After Volkswagen, it seems to be the turn of Daimler-Benz. A German environmental lobbying group has claimed that a Mercedes car produced by the luxury automaker was found to exceed European limits for nitrogen oxide emissions, agencies reported.
The group, DUH, said on Wednesday that tests carried out by the University of Applied Sciences in Bern, Switzerland, had shown nitrogen oxide emissions from the car, a 2011 C-class 200 CDI model, that were more than twice the legal limits when tested with a warm engine under new European testing cycles.
Daimler described the results as "questionable", saying the model used technology that met European Union standards and threatening legal action should false claims damage its reputation.
"The conditions of the test are not clear,” a Daimler spokesperson said. “We don't know the specific car, the temperature at the time of the tests, the loading weight."
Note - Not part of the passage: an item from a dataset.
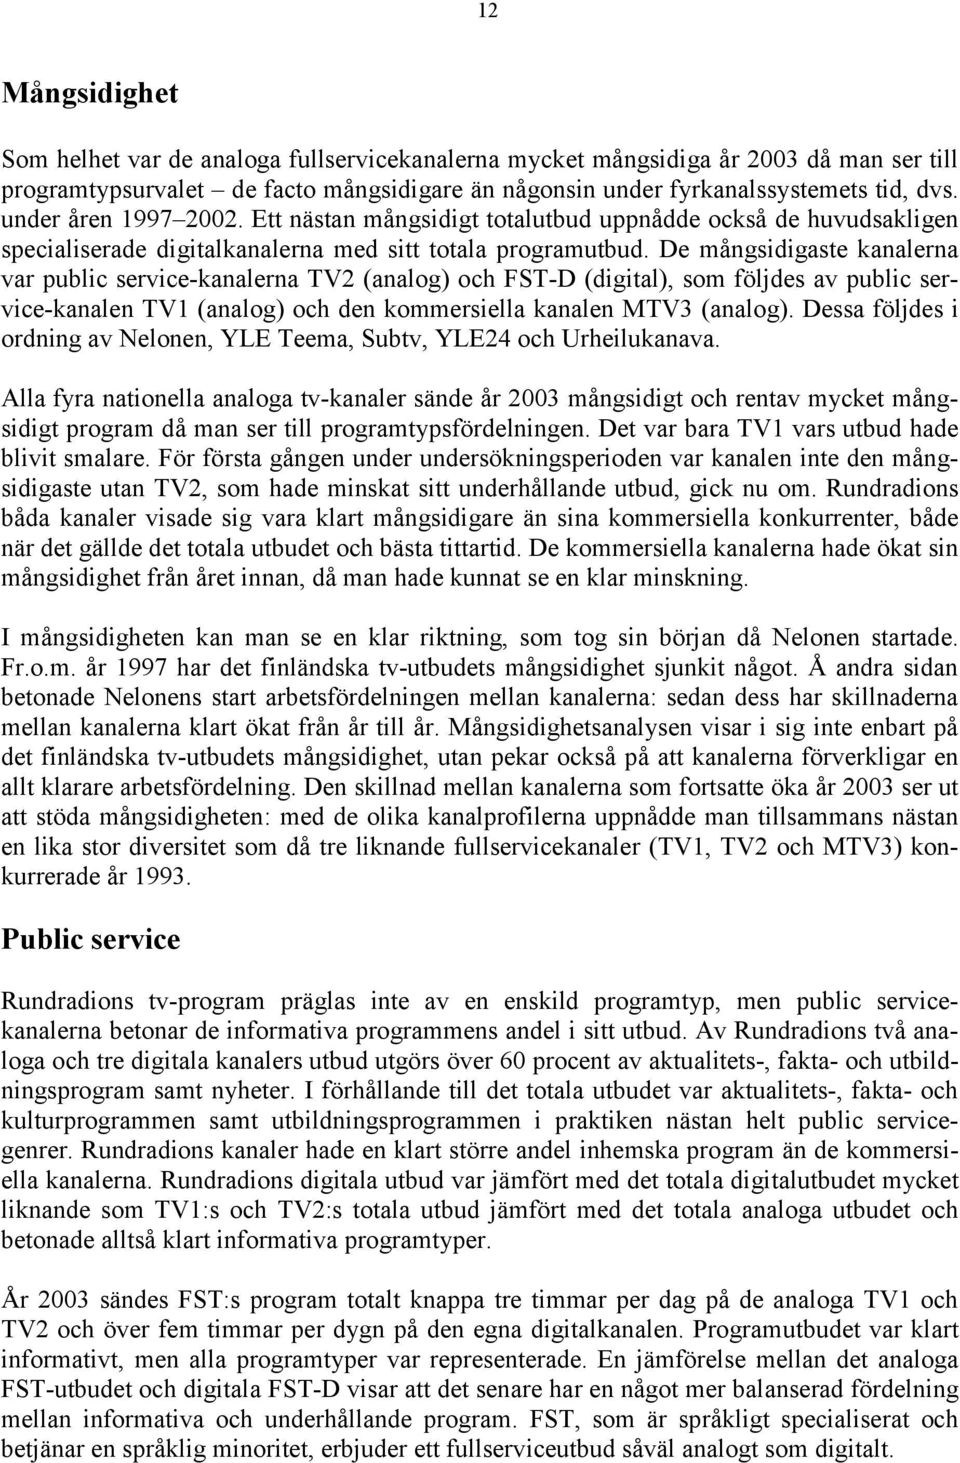 De mångsidigaste kanalerna var public service-kanalerna TV2 (analog) och FST-D (digital), som följdes av public service-kanalen TV1 (analog) och den kommersiella kanalen MTV3 (analog).

Fellow German carmaker VW is engulfed in a scandal after rigging results of diesel exhaust emissions tests in the United States.
DUH has made charges against a number of other car manufacturers. In October it said a model built by General Motors' Opel division had shown excessive emissions of nitrous oxide, an assertion that was denied by Opel.
French rival Renault has also contested findings cited by DUH that one of its minivans released toxic diesel emissions 25 times over legal limits.